Vernon fire marshal to retire
By Kym Soper
VERNON — After more than four years investigating the causes of fires and inspecting new construction around town, Fire Marshal David Roth is hanging up his helmet in retirement.
His last day on the job will be June 30.
“He’s one of the best fire marshals we’ve ever had,” Vernon Fire Chief William Call said. “It’s going to be tough to replace that man.”
Roth, 56, says his wife of more than 30 years also is retiring from her job with the state Department of Environmental Protection, and they want to spend time together.

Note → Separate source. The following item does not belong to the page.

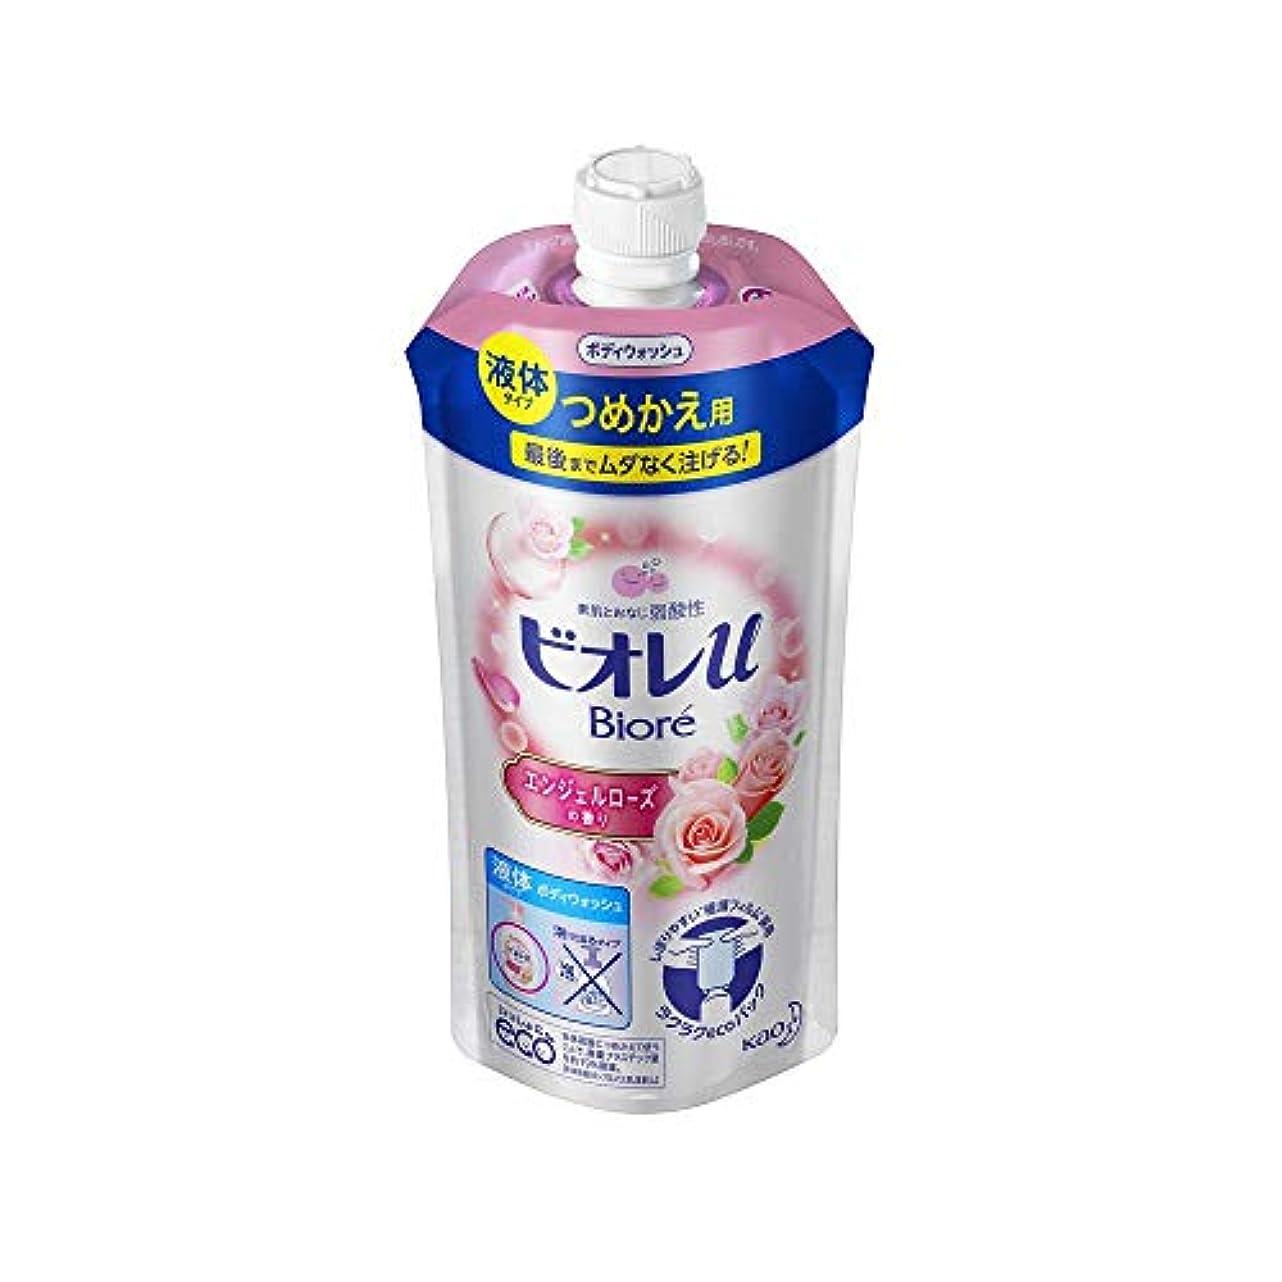 数学者最初レール花王 ビオレu エンジェルローズの香りつめかえ用 340ML

Roth replaced Anthony N. Patrizz Jr., who resigned from the fire marshal position in 2004 amid allegations by former Mayor Ellen L. Marmer’s administration that he acted improperly in his jobs as fire marshal and as emergency management director. Patrizz denied the allegations and claimed Democrats retaliated against him because of his alliance with Republicans
The full-time fire marshal job was partitioned after Patrizz resigned, with the oversight of daytime ambulance staff given over to the emergency management director at a salary of about $10,000.
The fire marshal position remained full-time, with a salary range of $45,190 to $57,493 and including the duties of investigating suspected arson cases, inspecting properties for building and fire code compliance, and conducting fire prevention classes and activities.
Roth, who has more than 33 years in the fire service, was hired by Vernon in October 2004. He served for 14 years as a deputy fire marshal and fire marshal for East Hartford and another 14 years as a firefighter for that department.
He was retired from the East Hartford Fire Department for 18 months before donning the helmet again to work in Vernon.
A Rockville High School graduate, Roth and his wife live just over the town line in Tolland and felt at home here, he said.
“This is where I grew up and it’s kind of neat to come back and serve the community where you were a kid,” he said.
But now there are three grandchildren in Florida to visit, and “we don’t want to miss out on that growing up,” he said. “We get sent a lot of pictures and do the phone thing, but it’s not the same as being there.”
And when the Roths are here in Vernon, he might just look in on the volunteer Fire Department.
“He loves the Fire Department — I don’t know how he’s going to be able to walk away,” said Call, adding: “But we’re going to get him to come in and volunteer with little bit of training and education.”
“I’m not divorcing myself from the Fire Department,” said Roth, who says the members of the volunteer department are like family. “It’s not something you can get out of your system easily. You don’t get up and walk away. It’s not a job, it’s a lifestyle.”